また、ガラス等のセラミックスにおいてもレンズやフィルター等、一定寸法の球状粉末が使用される。
球状粉末を製造する方法としては、溶融液滴が飛行中に固化するガスアトマイズ法が広く用いられてきた。しかし、ガスアトマイズ法は、形状こそ球形になるものの、液体の噴霧による製造であるため、シャープな粒径を効率よく得ることは困難である。
また、他の方法として、あらかじめ粉末原料を準備し、これをプラズマ炎中に投入して球状化させる方法が提案されている(特許文献1参照。)。
【0003】
【特許文献1】
特開平6−287012号公報(第3頁)
【0004】
【発明が解決しようとする課題】
上述したプラズマ炎中で球状化させる技術としては、溶融球状化のためのプラズマ炎中の滞留時間制御といったところに着目され、一定寸法の球状粉末を効率良く得る手法は提案されていないのが現状である。

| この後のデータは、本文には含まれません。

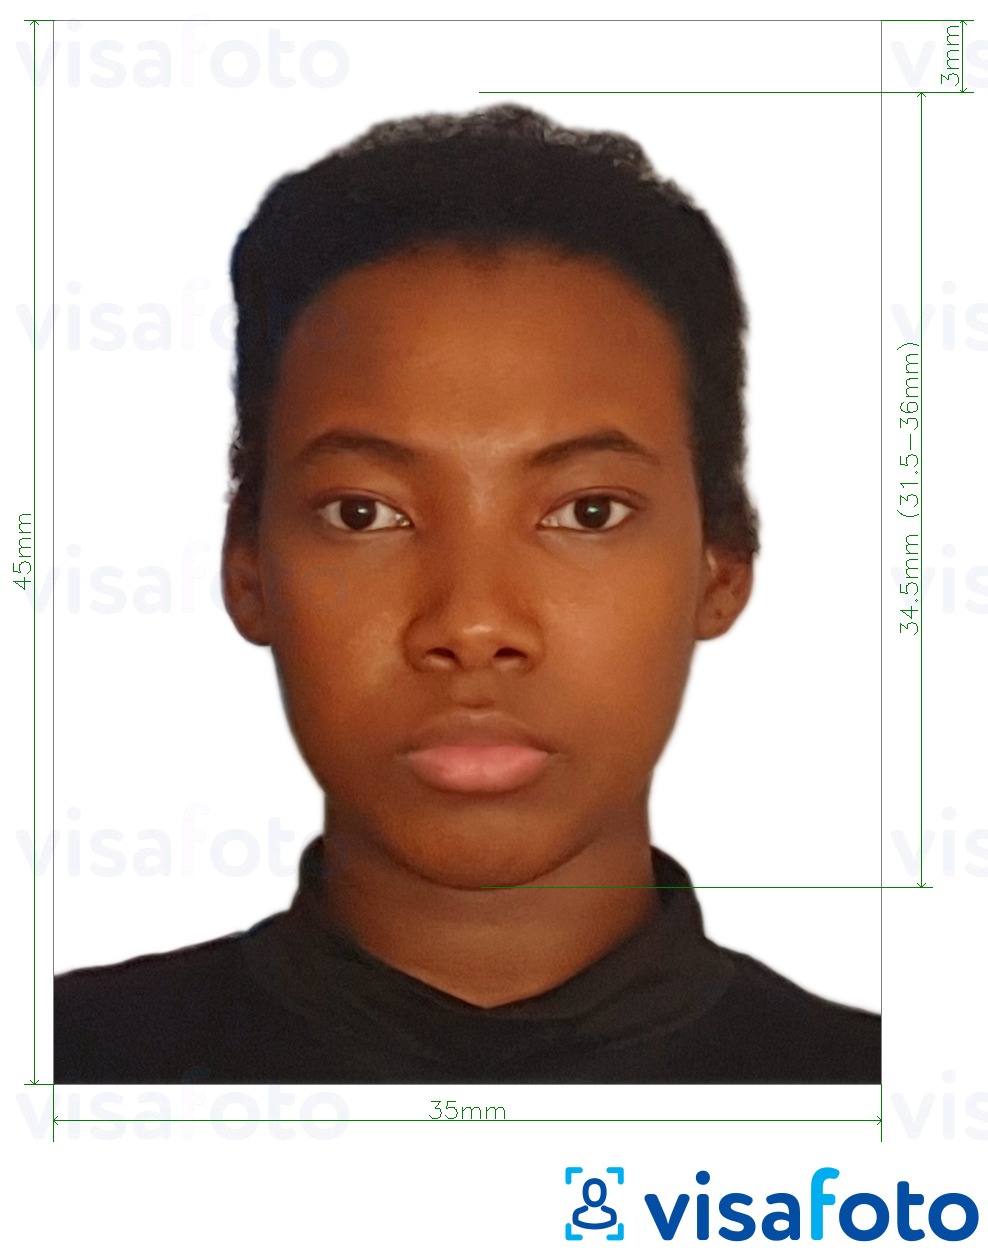 Ejemplo de foto para Pasaporte de Guyana 45x35 mm (1,77 x 1,38 pulgada) con la especificación del tamaño exacto

本発明の目的は、効率良く且つ極めてシャープな粒度分布をもつ球状粉末を形成することができる球状粉末の製造方法を提供することである。
【0005】
【課題を解決するための手段】
本発明者は、プラズマ炎を利用した球状化技術において、線材を一定の間隔で切断した原料片の適用と、プラズマ炎の伸長を抑制することにより、一定寸法の球状粉末を凝集することなく効率的に生産できることを見いだし、本発明に到達した。
【0006】
すなわち本発明は、線材とした原料を、一定の間隔で切断して原料片とし、ついで、該原料片の集合物を、尾部の伸長を抑制したプラズマ炎中に導入し、溶融、球状化させる球状粉末の製造方法である。
【0007】
本発明において、プラズマ炎の尾部の外周に位置するプラズマトーチまたはチャンバの内径は、プラズマ発生部のプラズマトーチ内径の4倍以上とする。また、好ましくはプラズマの雰囲気圧力は、0.04MPa〜大気圧とする。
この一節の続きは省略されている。